___ SUPPLIED MATERIAL

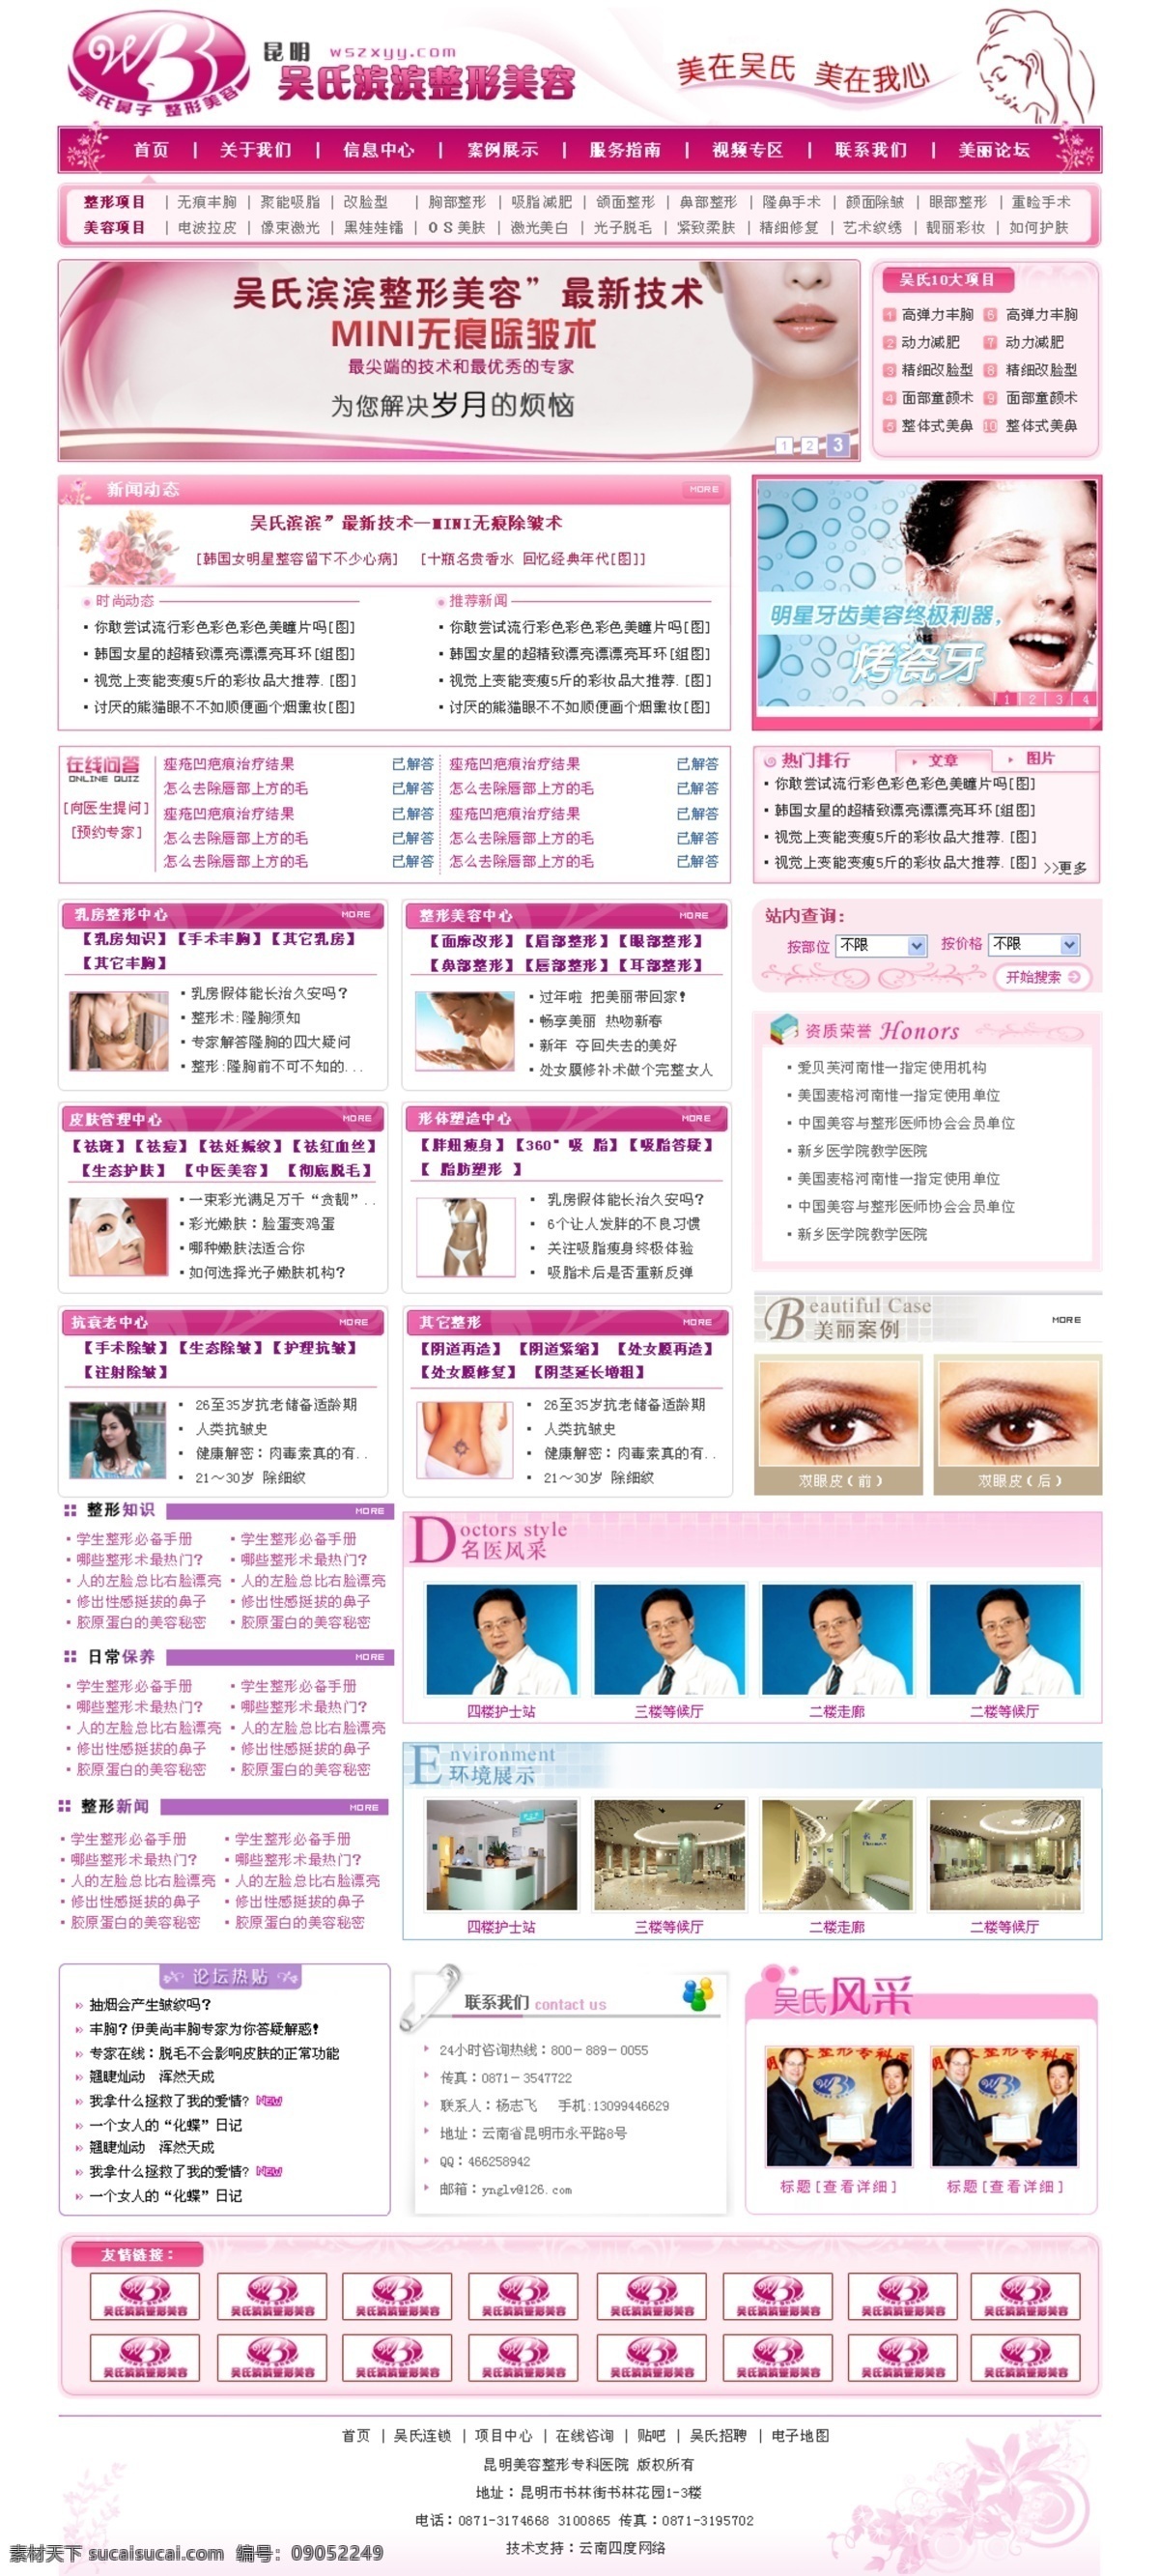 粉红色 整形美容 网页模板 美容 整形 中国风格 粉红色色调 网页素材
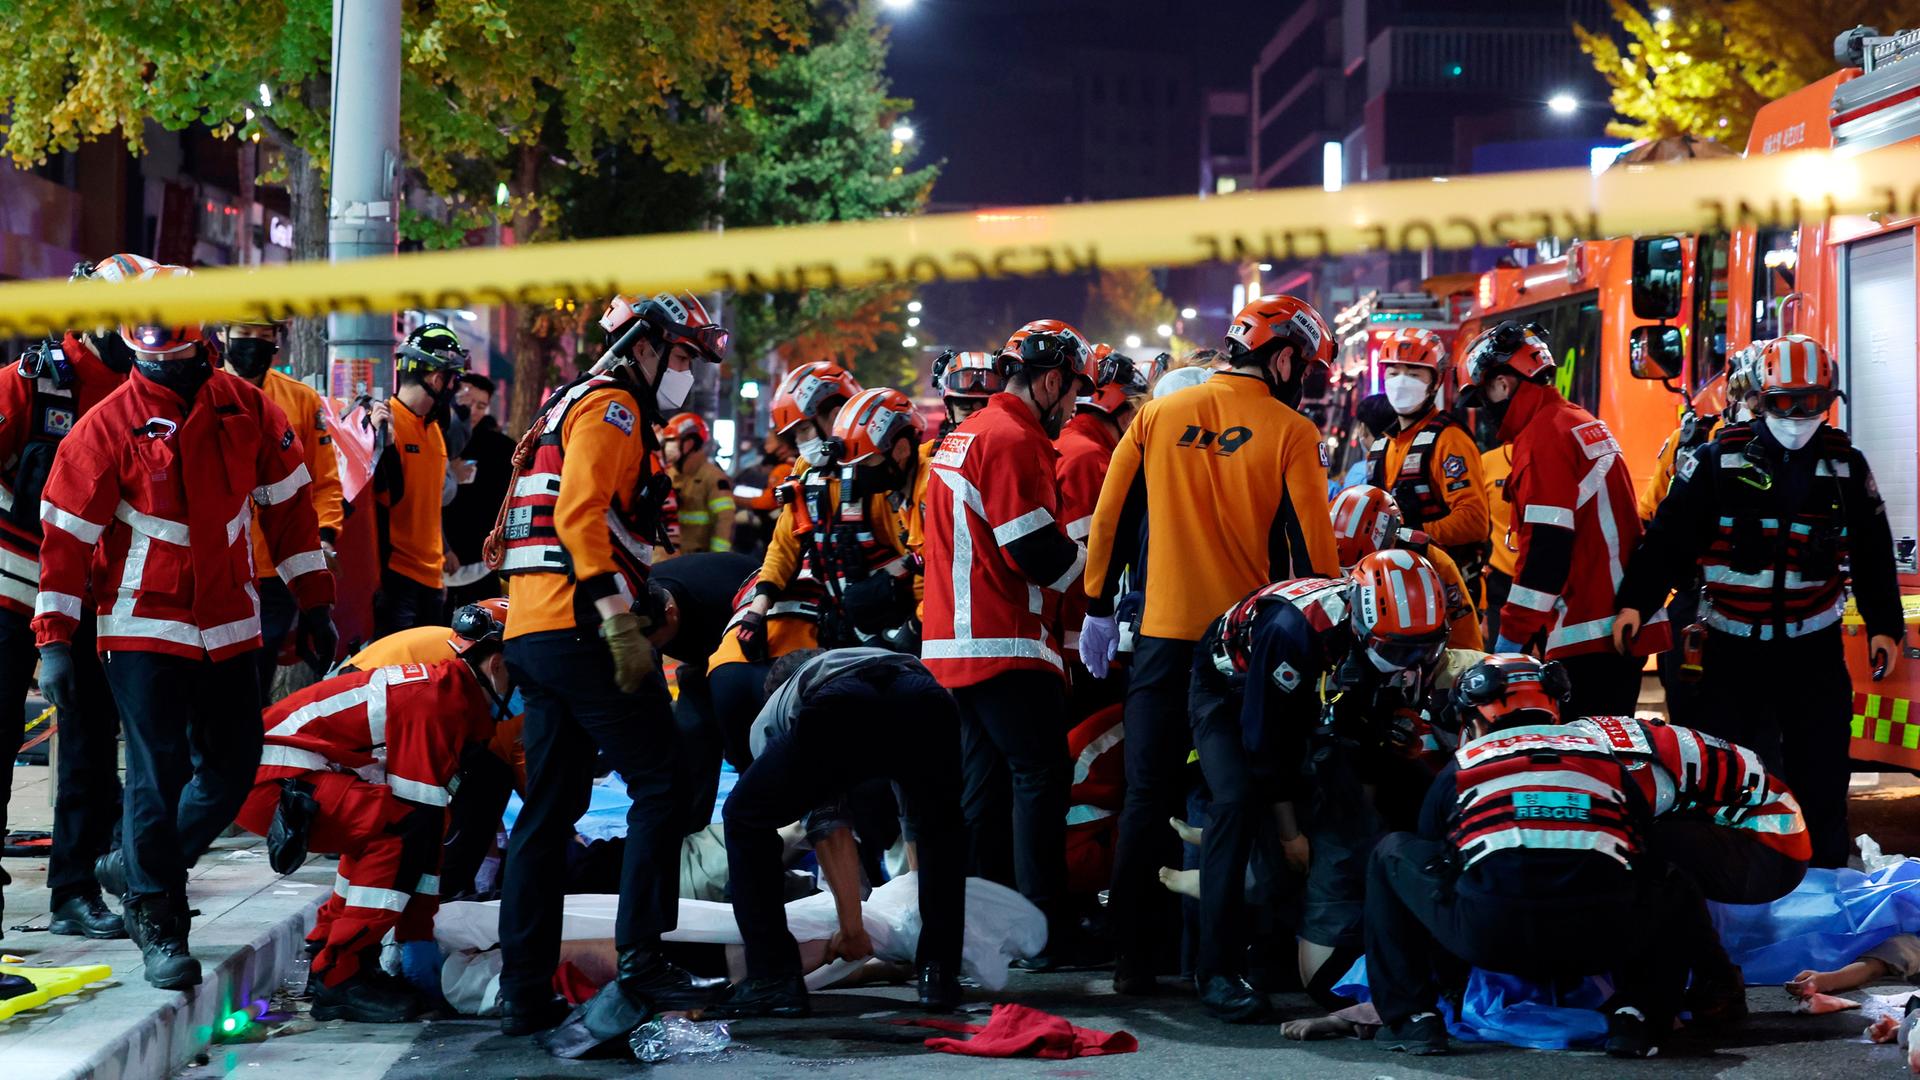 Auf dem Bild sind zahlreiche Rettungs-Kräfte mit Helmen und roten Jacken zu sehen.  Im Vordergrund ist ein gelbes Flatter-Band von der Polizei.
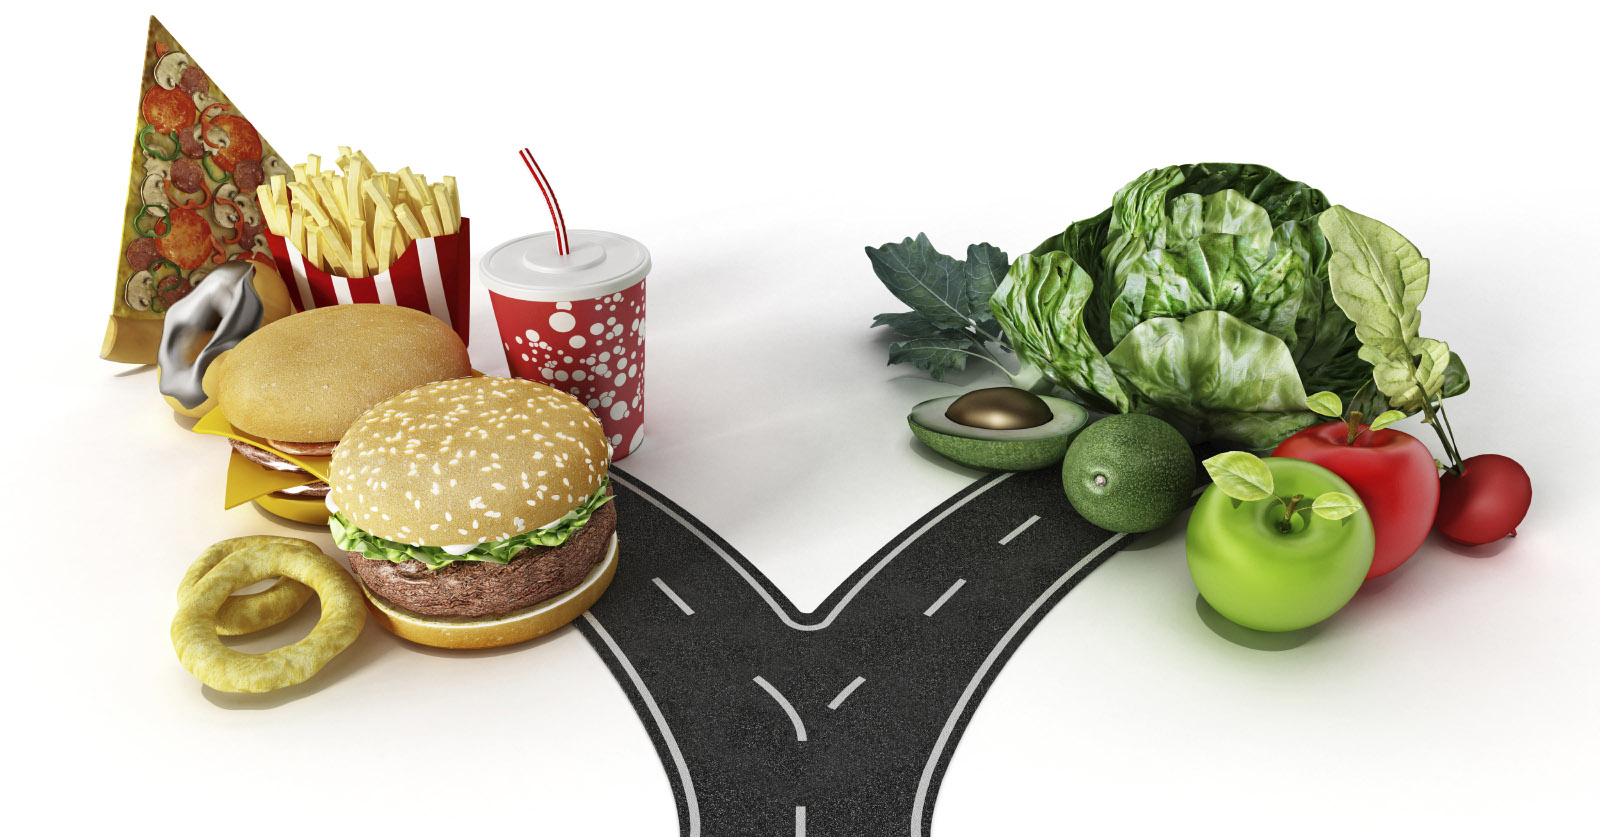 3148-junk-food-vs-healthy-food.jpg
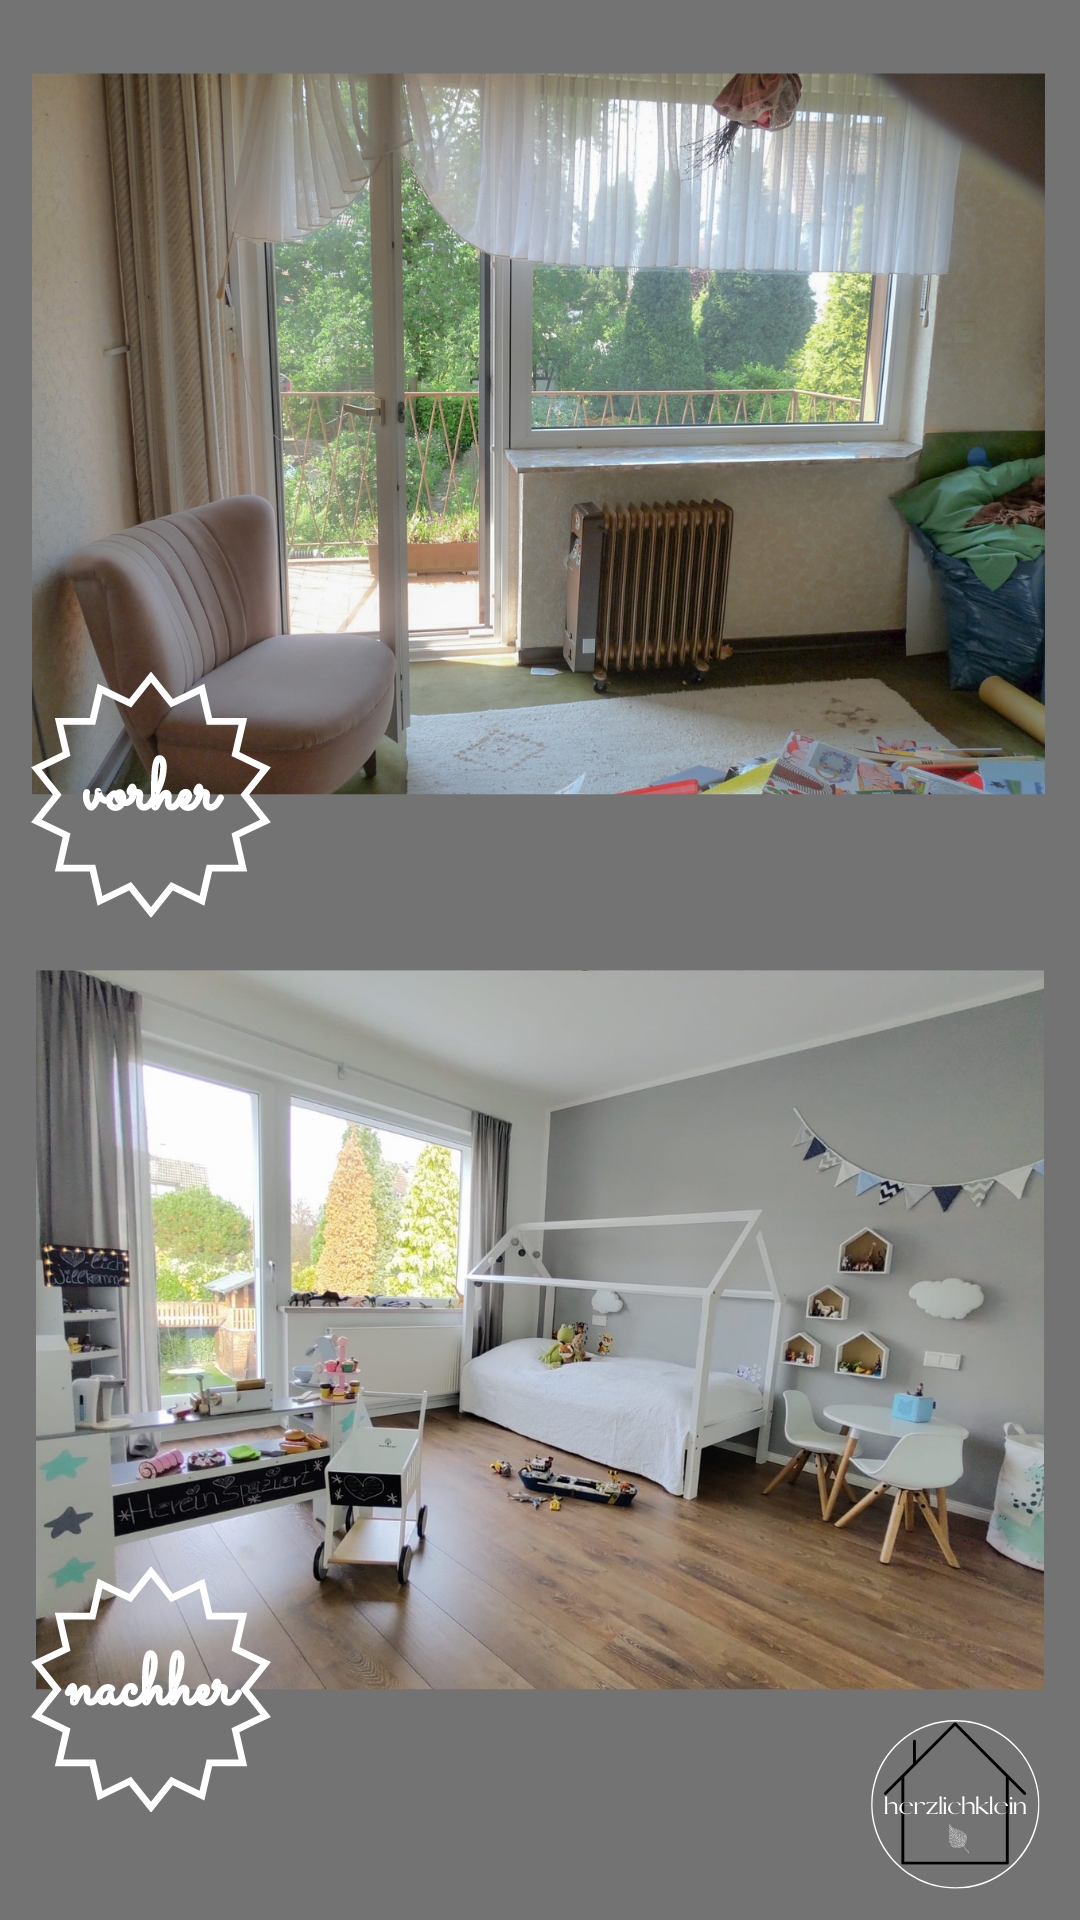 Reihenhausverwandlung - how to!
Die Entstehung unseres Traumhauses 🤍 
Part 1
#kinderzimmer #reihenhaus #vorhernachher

______

_REQUIRED ACTION_:
Pictures stay out. Return exactly the lines from the one with "Auf dem Bild" through the last line of the data.

_SOLUTION TO THIS EXERCISE_:
 Auf dem Bild sind zahlreiche Rettungs-Kräfte mit Helmen und roten Jacken zu sehen.  Im Vordergrund ist ein gelbes Flatter-Band von der Polizei.
 3148-junk-food-vs-healthy-food.jpg
 Reihenhausverwandlung - how to!
Die Entstehung unseres Traumhauses 🤍 
Part 1
#kinderzimmer #reihenhaus #vorhernachher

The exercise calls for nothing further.